How has Forex Changed During the Past Decade?

While stock market trading has historically been the go to pastime for aspiring investors, investing in currency is now far more popular.

In fact, the average daily activity in the forex market is more than double that of the stock market, with this amounting to well in excess of $6.6 trillion across the globe.

This is just one way in which the forex market has evolved and grown during the past decade, with most changes having been driven by technological advancement. Here are some of the most significant developments.

The Rise of Mobile Trading

The rise of online and mobile activity has certainly been pronounced in the digital age, with this having been driven largely by the emergence of virtual brokerage sites.

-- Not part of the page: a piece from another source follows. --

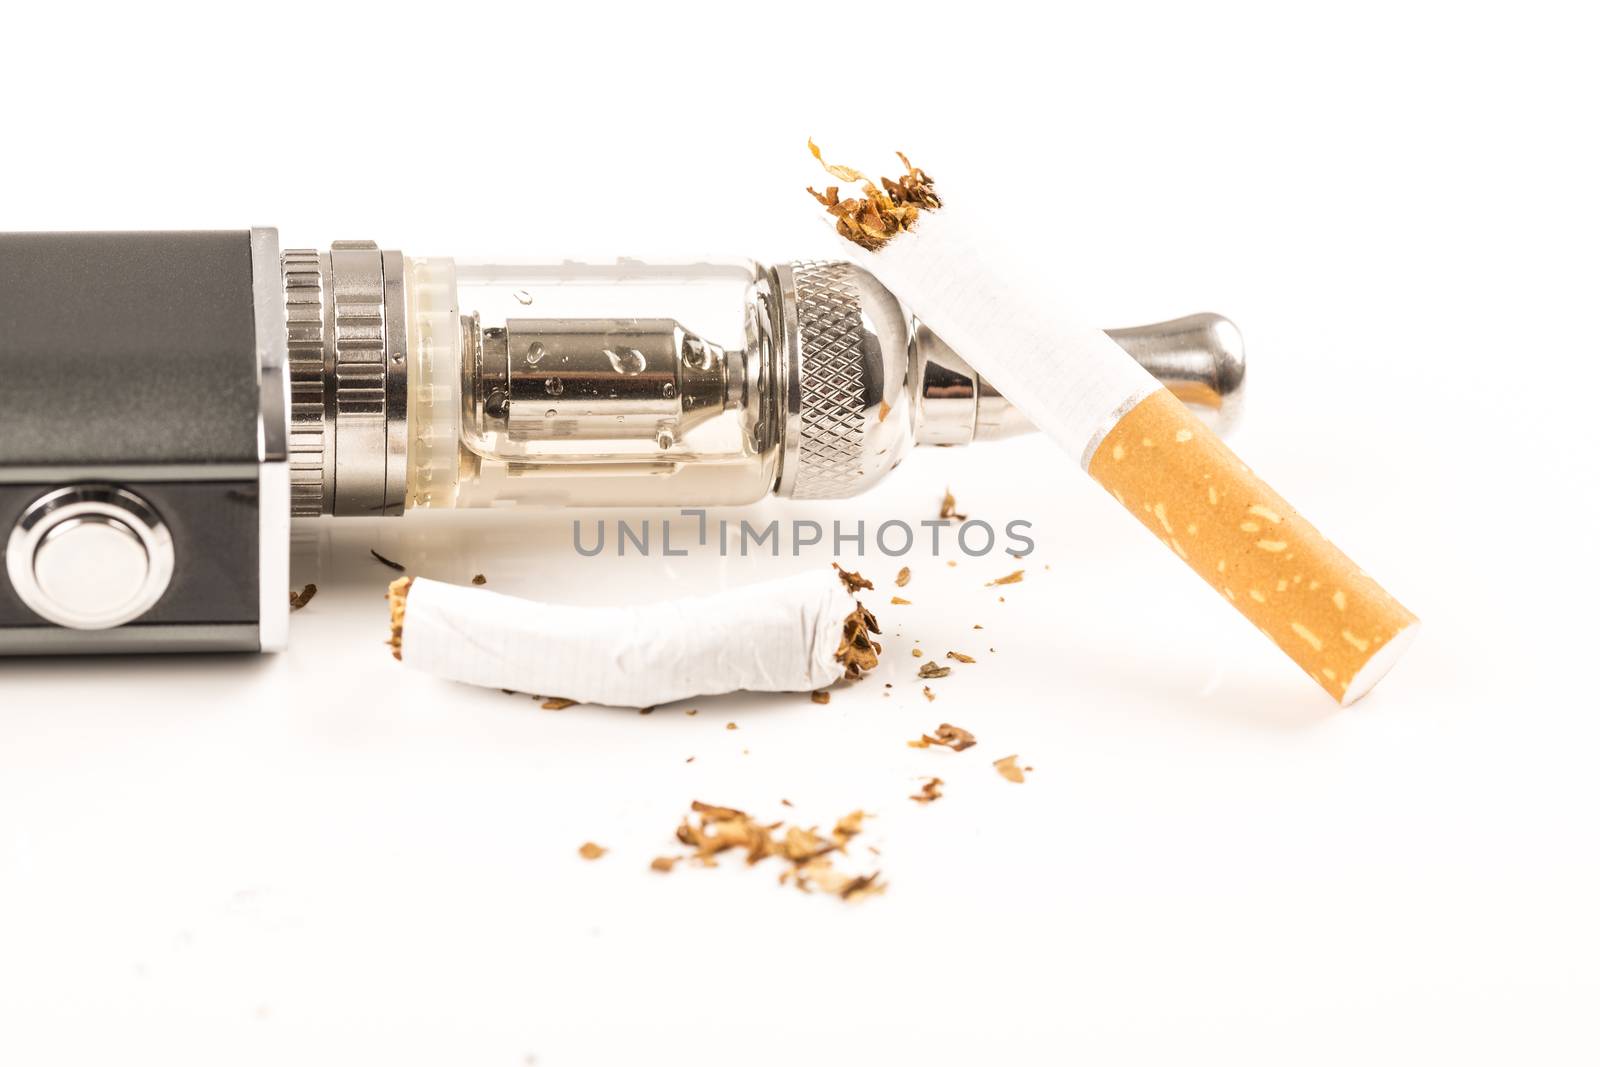 electronic cigarettes and tabacco on white background stop smoking message
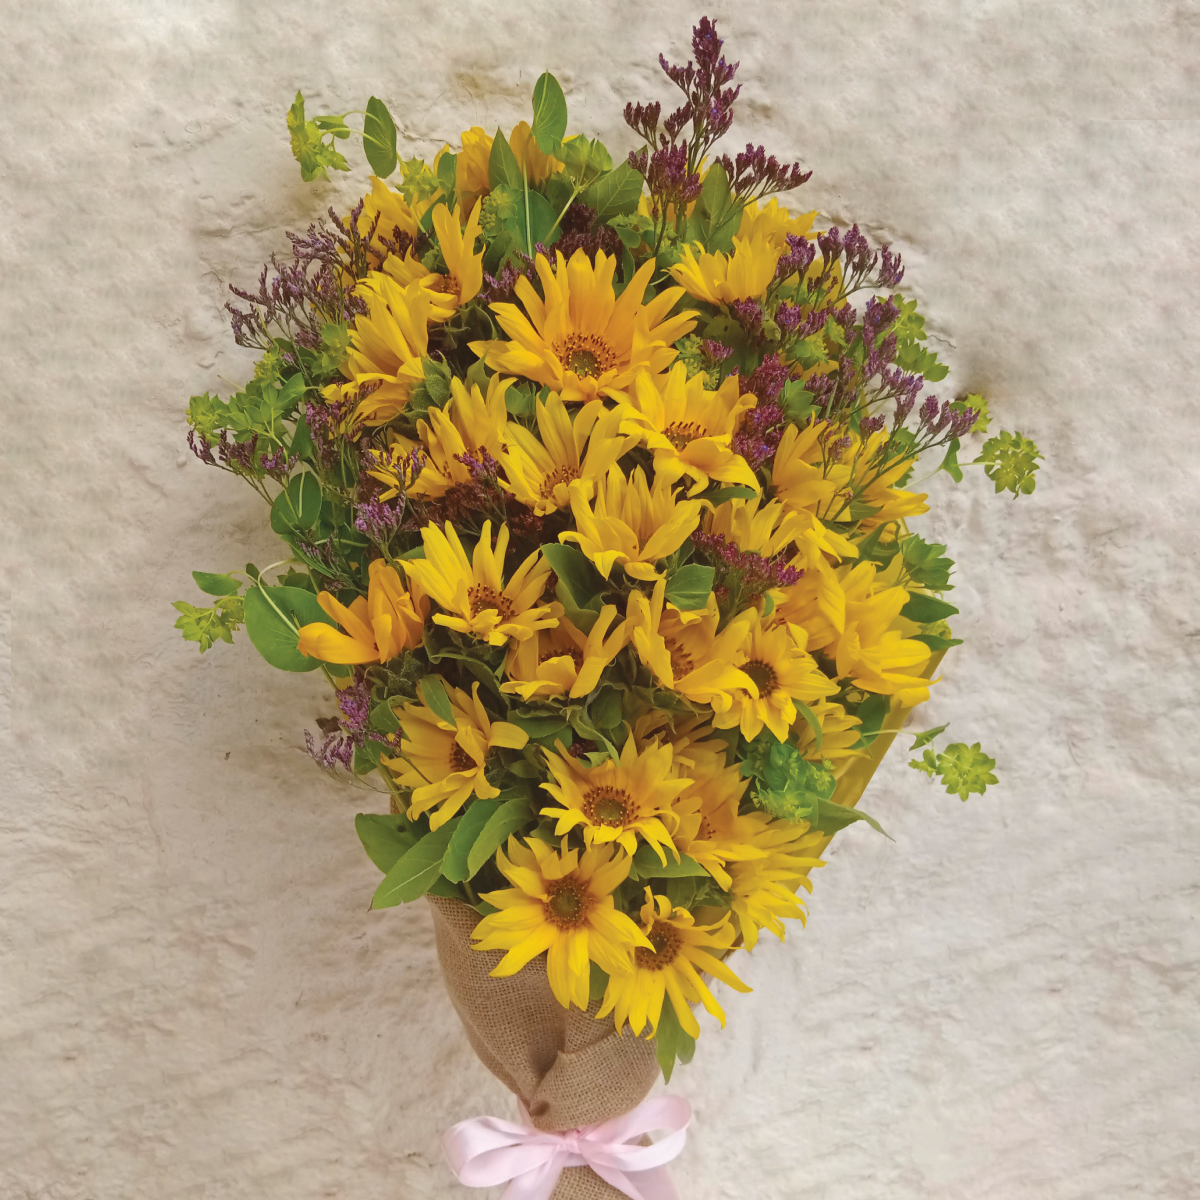 Sunflower Bouquet by Simona Flowers Kenya - Get the awesome sunflower bouquet and brighten up someone's day. It is brightly themed for a happy mood and wrapped with material for a classy finish. Have it delivered at home, work or even in the hospital on the same day.

This has certainly eliminated many of the barriers to entry that once surrounded the forex market, enabling part-time and aspiring investors to access real-time trading and a wide range of technical indicators.

The recent emergence of online platforms such as the MetaTrader 4 has been particularly influential, especially when you consider the 24-hour nature of forex trading and the fact that the market is split into three distinct geographical sessions with different time zones (namely North America, Europe and the Asia Pacific region).

Mobile platforms are also well-suited to the volatility of the foreign exchange, as they allow investors to capitalise on the numerous price shifts that occur each and every day.

Increased Automation and High-Frequency Trading (HFT)

 The rise of automation in the forex market has also been prominent of late, although this is a slightly more controversial change that has precipitated the emergence of high-frequency trading (HFT).

More specifically, both desktop and mobile platforms now offer software that underpins algorithmic trading, which are capable of facilitating a huge volume of orders within a relatively short period of time.

This continues to replace human trading and interaction across the globe, eliminating the risk of emotive trading and knee-jerk reactions to losses.

The controversy is caused by the fact that HFT can cause undue volatility in an already uncertain and changeable marketplace, while it also raises the prospect of market manipulation by wealthy and institutional traders.

The Age of Heightened Regulations 

Over time, the forex market has proved incredibly hard to regulate, not least because of its global nature and the sheer size of the space.

This has precipitated a rise in the number of rogue and unlicensed brokers online, however, and the good news is that nations are beginning to take more proactive steps towards regulating the forex market.

In the UK, for example, all brokerage sites must be fully licensed and regulated by the FCA (Financial Conduct Authority), while operators must also commit to providing regular reports and audits as part of their official licensing agreement.

Even basic regulatory requirements such as this do much to protect investors, while helping to maintain stability and minimise the risk of fraud.